The researchers showed both seasonal and year-to-year changes in kelp’s nutritiousness by analyzing data from kelp blades sampled in California’s Santa Barbara Channel by the Santa Barbara Coastal Long-Term Ecological Research program between 2002 and 2021. Kelp’s dwindling nutritional value means things that eat it have to expend more energy foraging to get the same benefit, with consequences that may ripple up the food chain.

Some seasonal changes in nutritiousness are expected because colder water tends to have a higher nutrient content. Cool temperatures slow marine organisms’ metabolisms causing them to consume fewer nutrients.

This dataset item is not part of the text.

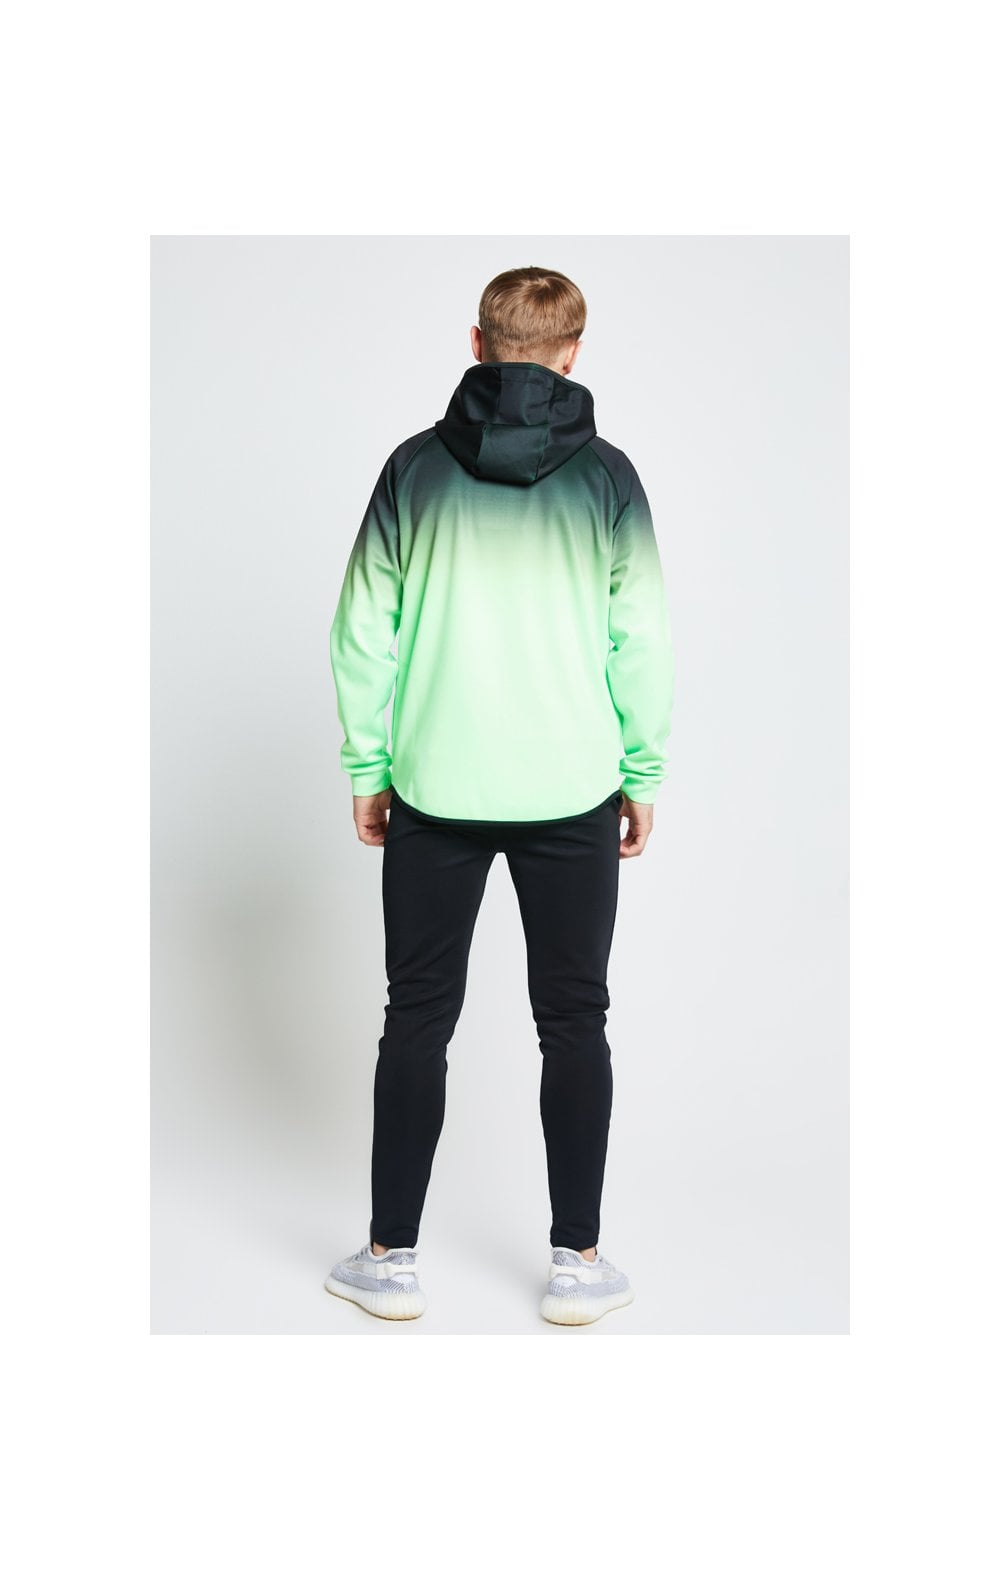 Illusive London Athlete Zip Through Hoodie - Black & Neon Green (4)

Upwelling of cold water from the ocean’s depths also brings nutrients from the seafloor.

Kyle Emery, a coastal ecologist who worked on the project while a graduate student at UCSB, says he hopes future research might dig into the issue further by measuring kelp in other locations along the west coast of North America. “There could be other dynamics at play in different places along the coastline,” where water temperatures, currents, upwelling, and other conditions vary, he says.

The research is an important reminder that the impacts of climate change may not always be obvious. Past research focusing on measuring the amount of kelp hasn’t always taken into account the health of remaining forests. Yet understanding why kelp is becoming less nutritious is important to maintaining it for the many species that rely on it for sustenance and survival.

“I am hoping that this study serves as an advocacy moment for studying not only the quantity of kelp but the quality of it,” says Lowman.